The New York Yankees Just Made a 70-Year-Old Woman’s Bat Girl Dreams Come True


Proving that it’s never too late to live your best life, 70-year-old Gwen Goldman just became an honorary bat girl for the New York Yankees, six decades after she originally inquired about the position. (A bat boy or bat girl is someone who helps carry baseball bats around the field and does other small tasks for the team during the game.)

According to ESPN, Goldman was 10 when she first wrote to the Yankees‘ then-general manager Roy Hamey about being a bat girl. On June 23, 1961, Hamey responded, per ESPN, “I am sure you can understand that it is a game dominated by men. [A] young lady such as yourself would feel out of place in a dugout.” 
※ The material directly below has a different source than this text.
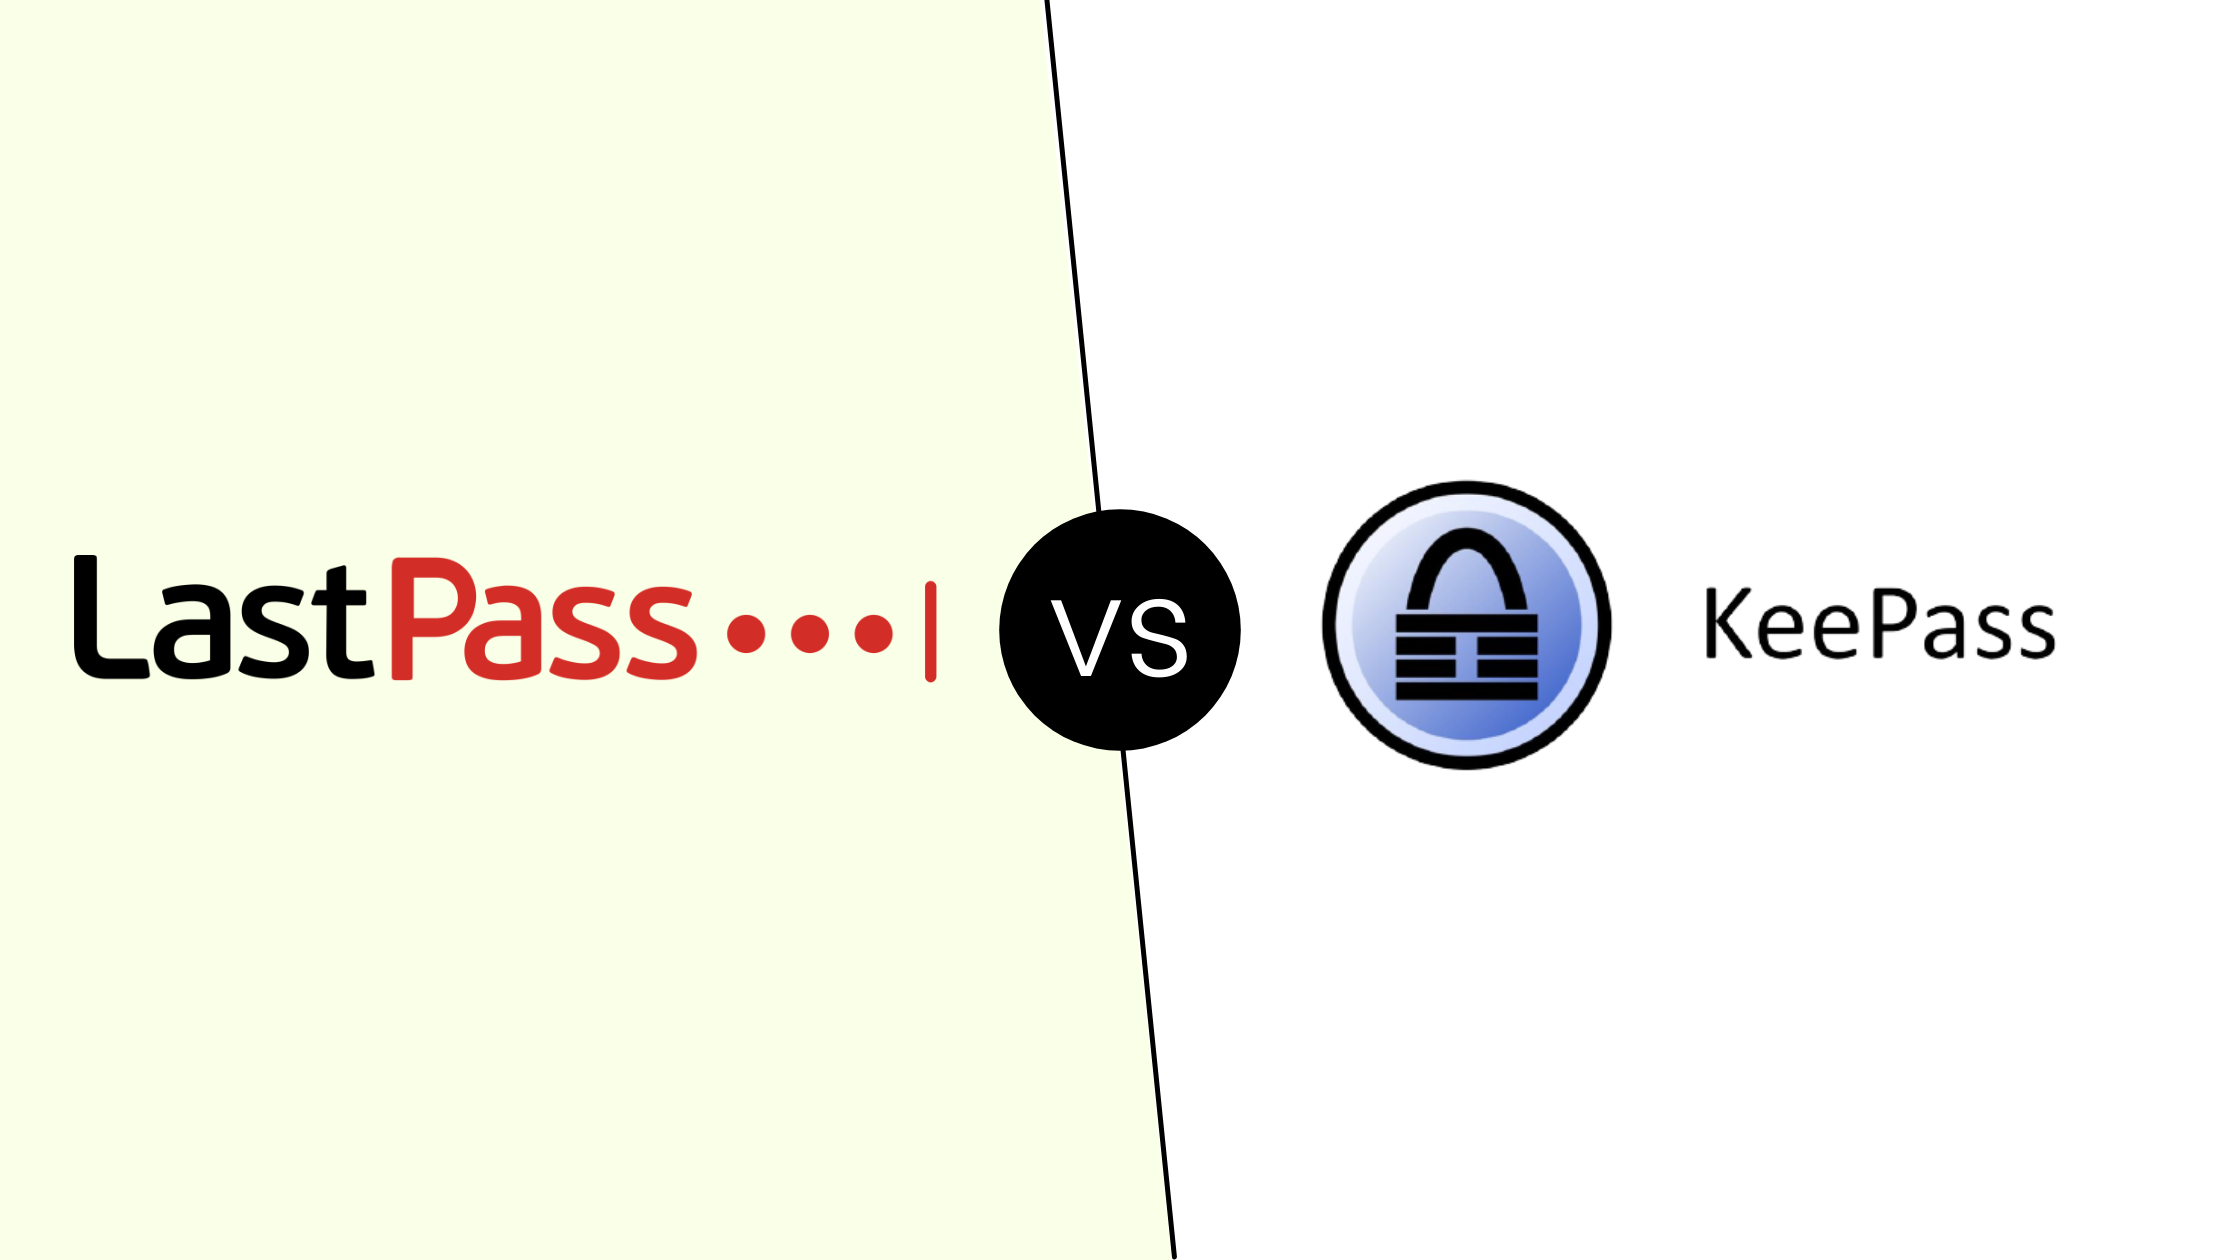 Lastpass vs Keepass

But times and attitudes change, and when Goldman’s daughter, Abby, wrote to the team’s current general manager, Brian Cashman, he was happy to grant Gwen’s childhood wish. On June 28, Goldman was an honorary bat girl for the Yankees during their game against the Los Angeles Angels. “Some dreams take longer than they should to be realized, but a goal attained should not dim with the passage of time,” Cashman said, per ESPN. “I have a daughter myself, and it is my sincere hope that every little girl will be given the opportunity to follow her aspirations into the future.”
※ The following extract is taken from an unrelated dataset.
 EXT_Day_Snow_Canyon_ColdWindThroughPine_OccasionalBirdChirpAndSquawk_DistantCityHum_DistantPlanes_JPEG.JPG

Telling ESPN that she never held the initial rejection against the team, Goldman called the experience of wearing the New York Yankees uniform and visiting the dugout the “thrill of a lifetime, times a million.”

“I don’t know where to start, of which was the best, what did I enjoy the most?” she said, adding, “The whole piece, from walking in the front door of the stadium at Gate 2, to coming up to a locker with my name on it that said ‘Gwen Goldman’ and suiting up, then walking out onto the field…It took my breath away.”